The pandemic-struck period had been a dream run for startups, especially those operating in the digital playground. However, this has changed considerably during the past three to four months with the sharp sell-off in public markets, especially tech stocks as it has raised concerns over the valuation of some startups. As a result, the markets are experiencing an unusual tone from the VCs, as they are advising their portfolio companies to adopt for lean times and a challenging liquidity environment.
Startups, on other hand, are moving from hiring to freezing or downsizing with the objective to rationalise costs and minimise the cast burn rate to extend runway. Some of these steps witnessed could be precautionary in nature as they prepare for uncertain times that may lie ahead, but few are also posing pressing questions on the business models of startups with lack of originality or weak fundamentals.
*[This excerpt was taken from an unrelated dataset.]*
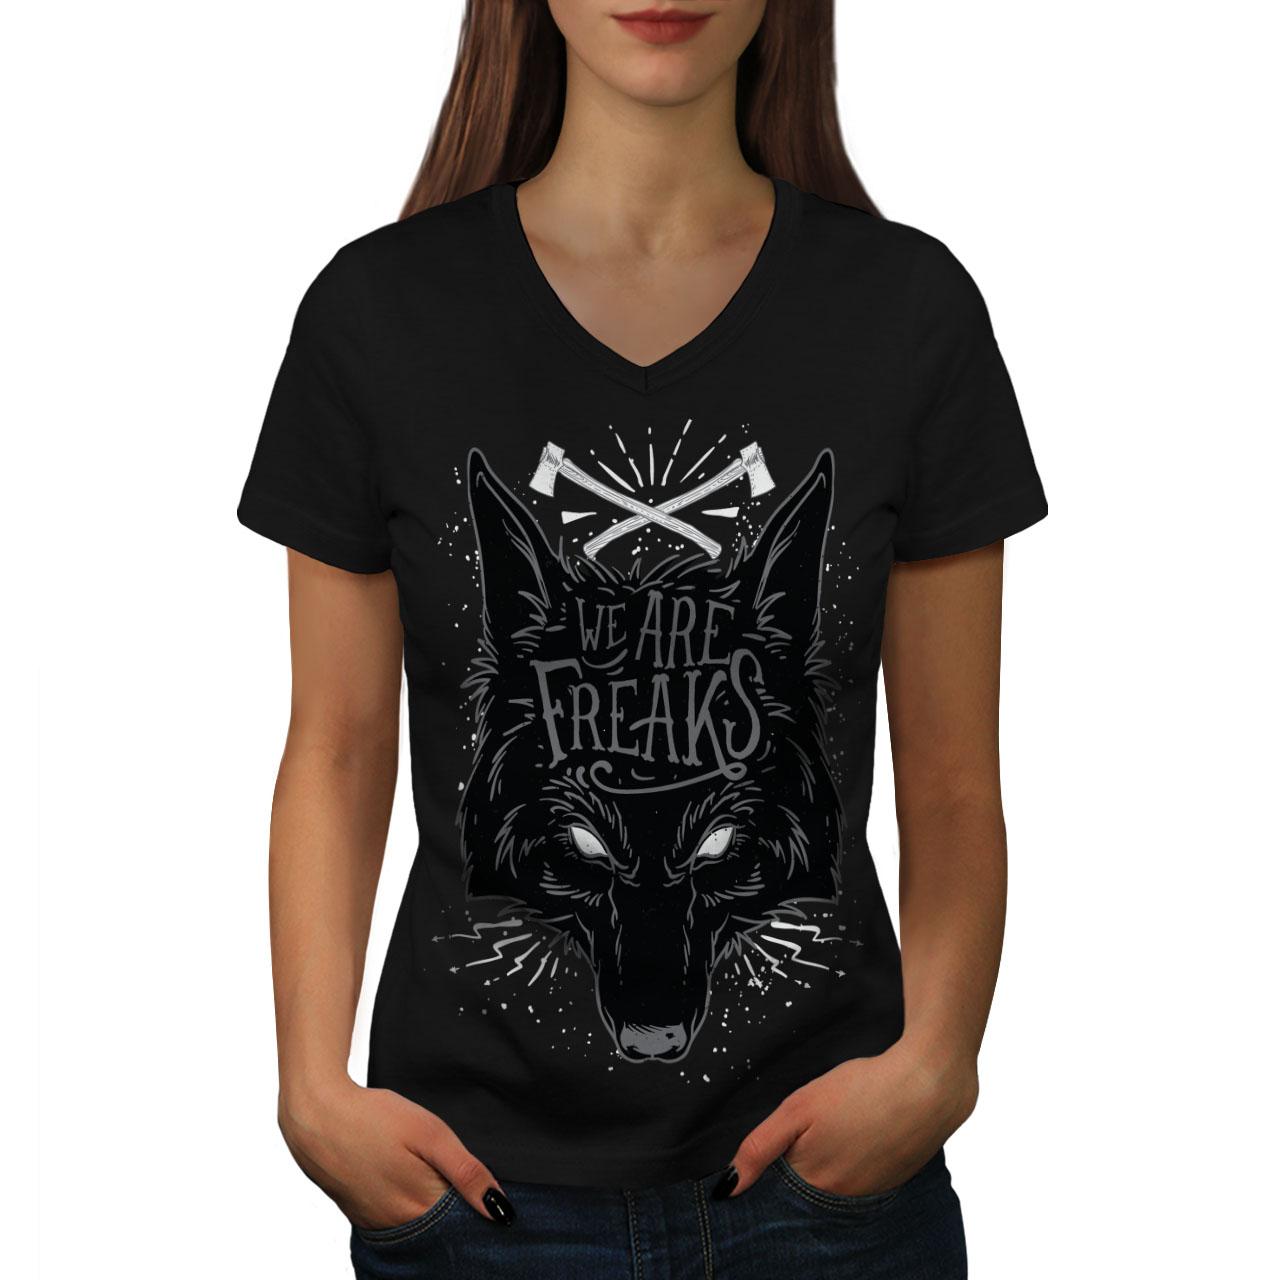 1855b292194 We Are Freaks Wolf Women V-Neck T-shirt NEW

In the past couple of months, a total of 21,121 employees have been laid off by tech startups compared to 5,892 in 2021. Companies benefiting from the pandemic, such as Netflix, Robinhood, MainStreet, and OnDeck are witnessing slowdown in growth and are forced to reduce workforce to minimize the overall impact on the business.
On the other hand, prominent tech companies, such as Meta and Google have decided to freeze hiring for certain positions on the back of rising uncertainty around the business outlook.
In conclusion, startup founders will have to re-evaluate their business models and continue with innovation to remain ahead of the curve and maintain growth trajectory.
Moreover, the focus will now shift from only growth to profitability or minimising the overall cash burn to extend the runway. This will also be essential in extending the funding rounds as it might not be an easy and quick process anymore. VCs, on the other hand, will take longer time in evaluating and understanding business models to ensure that these companies are able to survive the challenges and slowing demand with rising competition. This new phase might be a turning point for the startup ecosystem as it will differentiate companies that have the ability to build sustainable business models and are well-positioned to navigate through these challenging times. On other hand, this phase will also eliminate or lead to failures of startups that are built on weak foundations or borrowed fundamentals to capitalize on the startup and funding frenzy witnessed during the past 18 months.